Now the Russians are playing the same hear-no-evil, see-no-evil game again. Sure, as was already totally obvious, sarin gas was responsible for the hideous deaths of more than 1,000 Syrians last month in the suburbs of Damascus. We didn’t need to wait for U.N. Secretary-General Ban Ki-moon to issue the report of his UN team to figure that out. The images on television were enough for the world to know.

It would have been nice, though, if the U.N. “inspectors” had been a little more specific as to who actually fired or sprayed or dropped the gas on its unsuspecting victims. From what they did say about the source of the shells containing the dreaded gas, you may be sure, if free to talk, that they would have held Assad accountable. But no, in the interests of amity and camaraderie and whatever else the U.N. likes to promote, they’re not talking.

Russian officials, meanwhile, seem all too anxious to believe Assad’s claims about rebel forces gassing their own people. President Putin says it’s quite uncertain who was responsible. The Russians, besides arming Syria, enable Assad to deny complicity in one of the worst war crimes in memory. He gets off without the slightest guilt while his glib foreign and information ministers go on giving interviews “absolutely” denying everything.
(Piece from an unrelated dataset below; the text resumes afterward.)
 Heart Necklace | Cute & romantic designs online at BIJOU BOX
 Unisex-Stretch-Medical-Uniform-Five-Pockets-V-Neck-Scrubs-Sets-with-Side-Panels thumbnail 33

Basically, we’re back where we began when President Obama and Secretary of State John Kerry were first talking tough about the need to “punish” Assad for being such a bad boy. Now nobody’s going to “punish” anyone for anything while Putin apportions the blame, suggesting, who’s to tell, maybe the Syrian rebels did it, or maybe some strange foreign power did it. Might Israel have been responsible?
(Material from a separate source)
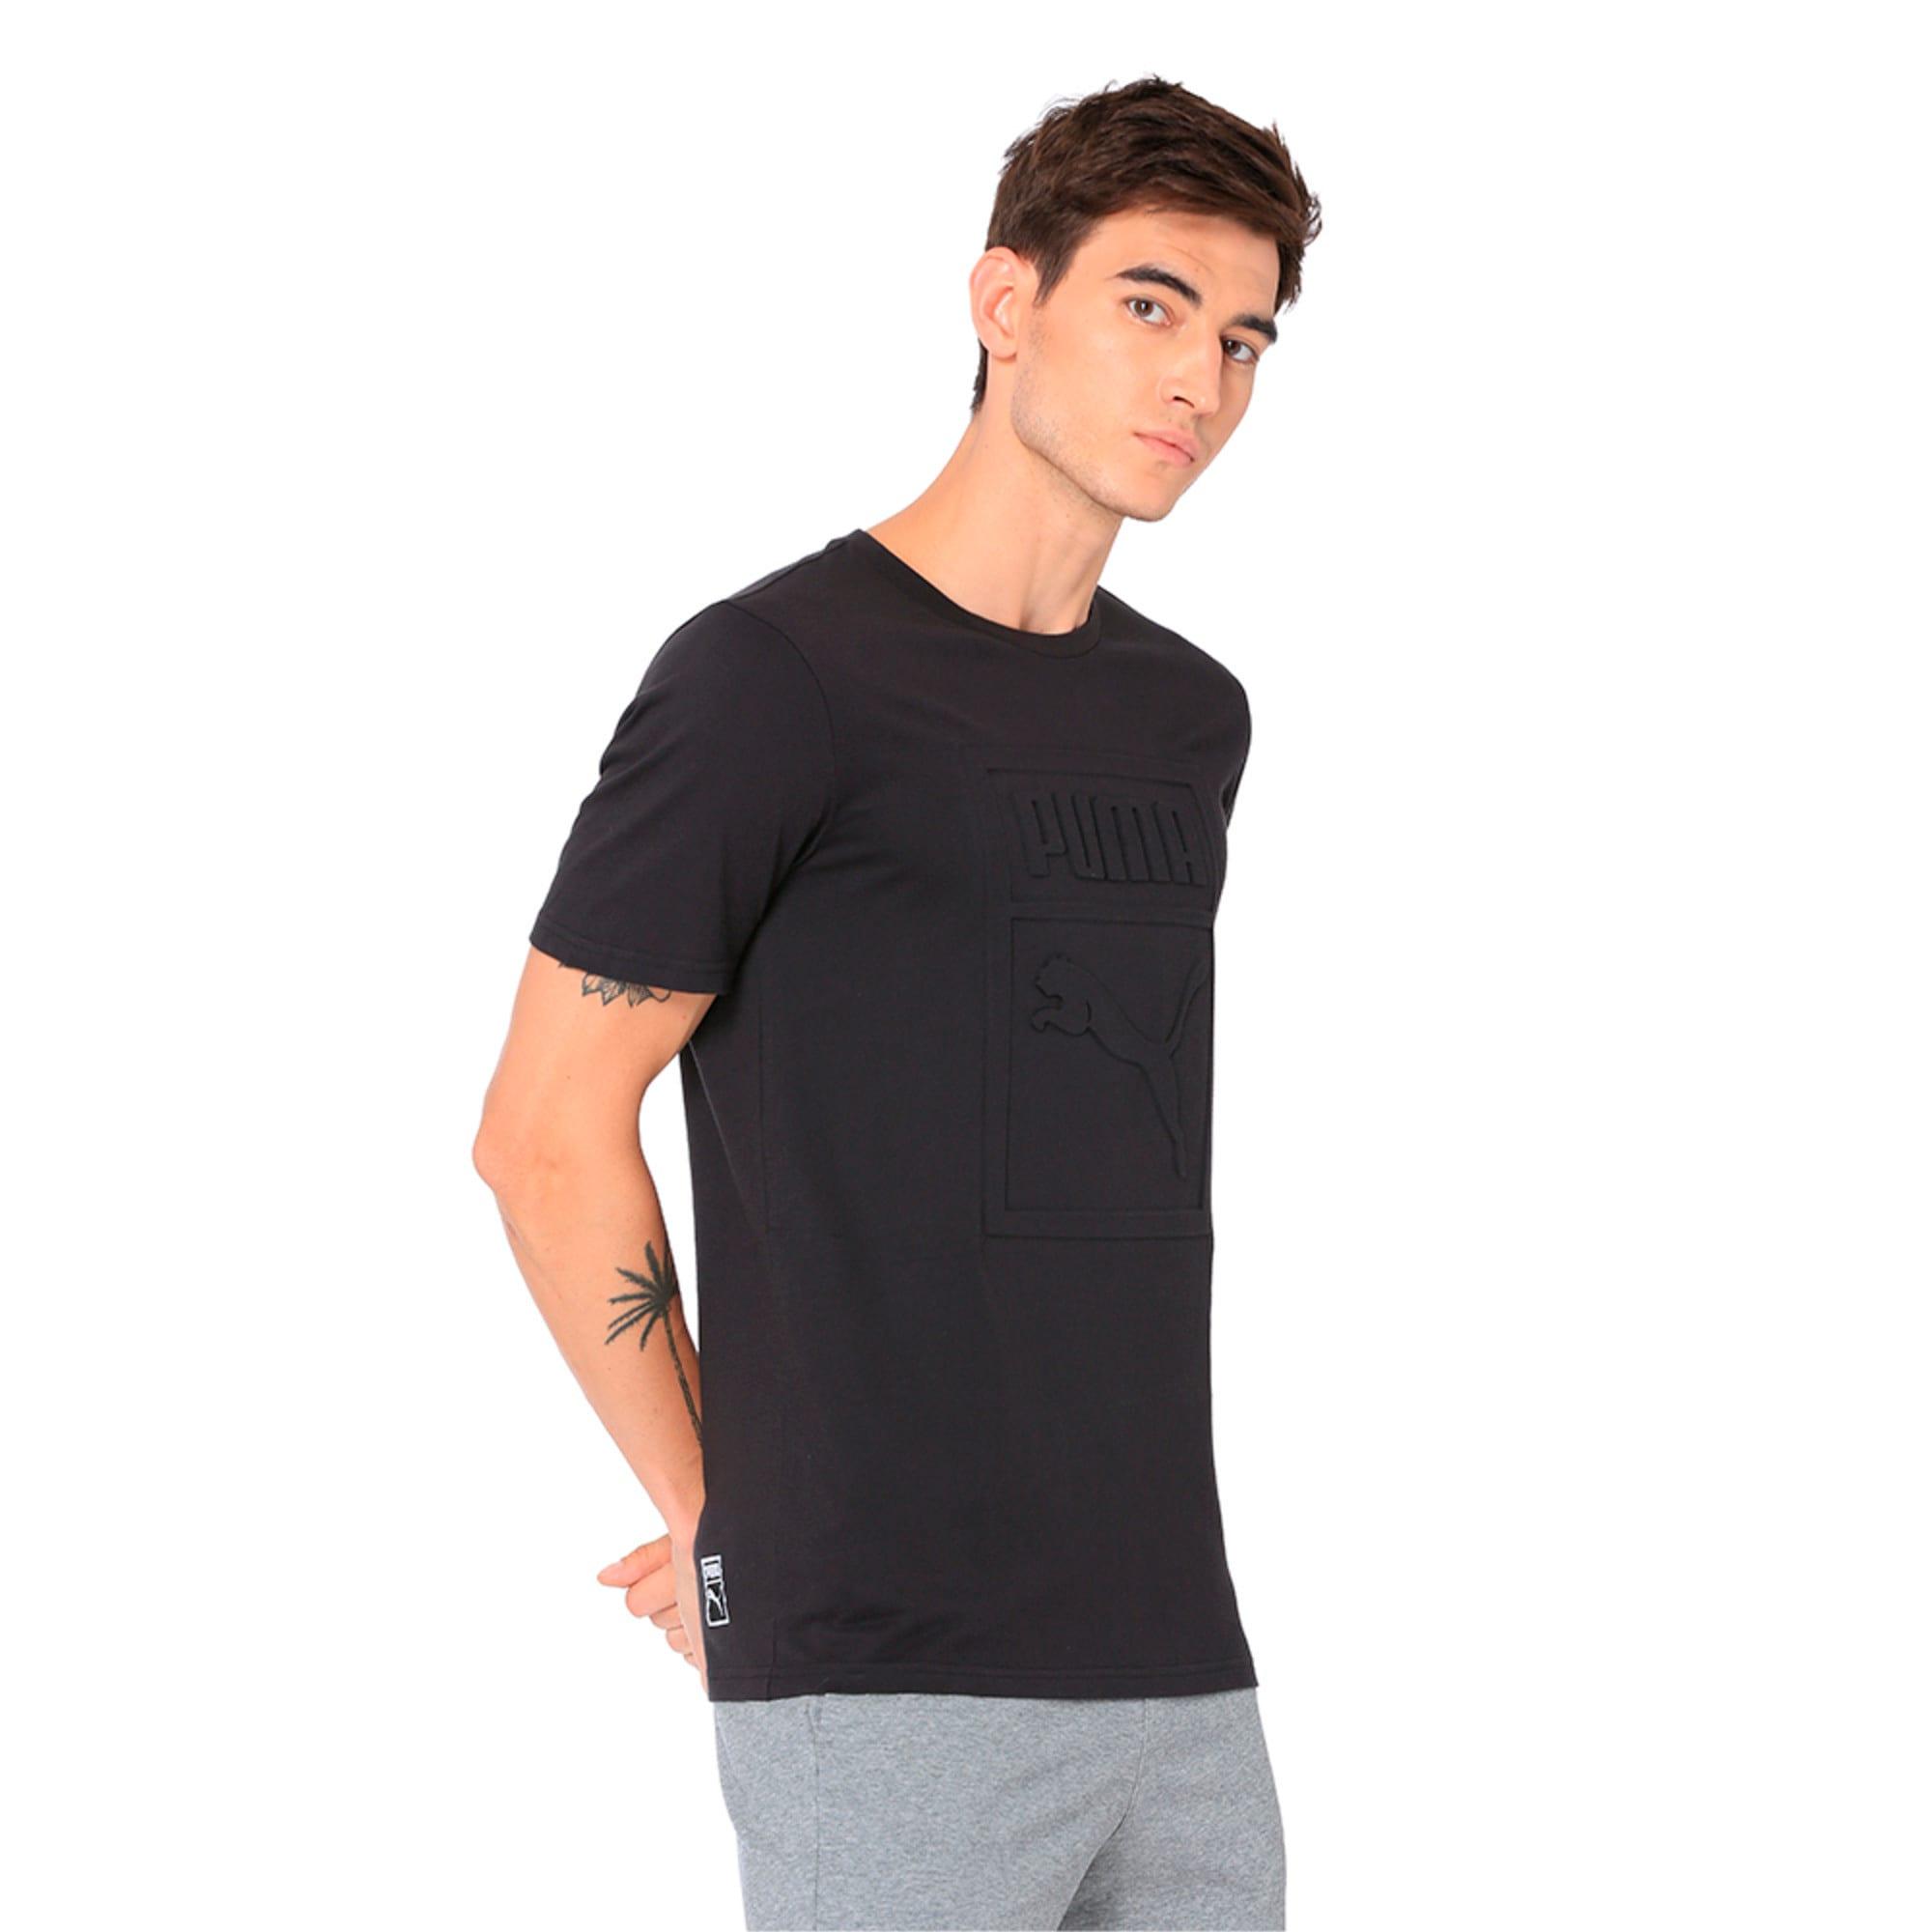 Thumbnail 2 of Classics Men's Archive Embossed Logo T-Shirt, Puma Black, medium-IND

While Israel’s foes spread that kind of rumor, we hark back to all the rumors surrounding the sinking of the Cheonan. Some people are still saying, sure, it might have been blown up by an old mine.

Or maybe the U.S. planted a mine in order to sink the ship and blame the North Koreans as a plot to guarantee support for U.S. bases in Japan as well as Korea.

For the Russians, their success in heading off an American bombing campaign with a totally unenforceable deal for Syria to “give up” its arsenal of chemical weapons is a triumph of immense proportions. Syria will go on getting “conventional” arms from the Russians for the war against the rebels while hiding away its chemical inventory for another day, maybe another war.

The Russian success has disquieting implications for the Korean peninsula. Obama, visiting South Korea and receiving Korean presidents in Washington, has emitted all the right noises about defending the South against the North. Kerry, in Seoul in April, at the height of what much of the world believed was an impending Armageddon though South Koreans never believed it, was also a picture of firmness, of loyalty to an old ally, a forthright friend in need.

What’s disturbing is that’s how both Obama and Kerry appeared after seeing the images of writhing, distended chemical warfare victims on television.

No sooner were they done talking about the horror that awaited the Assad regime than Obama was saying, first he needed the okay of the fractious Congress. Then Kerry was saying, sure, if Assad gave up his chemical arsenal, there’d be no need to wipe it out.

On cue, Russia’s foreign minister, Sergey Lavrov, jumped in, eager to promote the deal.

So how serious are Obama & Co. about defending South Korea? Might he, like the presidents who preceded him, fall for North Korean assurances that of course it’s giving up its nukes – and maybe its chemical and biological ones too?

The skill with which the Russians headed off U.S. threats against Assad, while bolstering his regime to the hilt, does not augur well for U.S. policy on North Korea.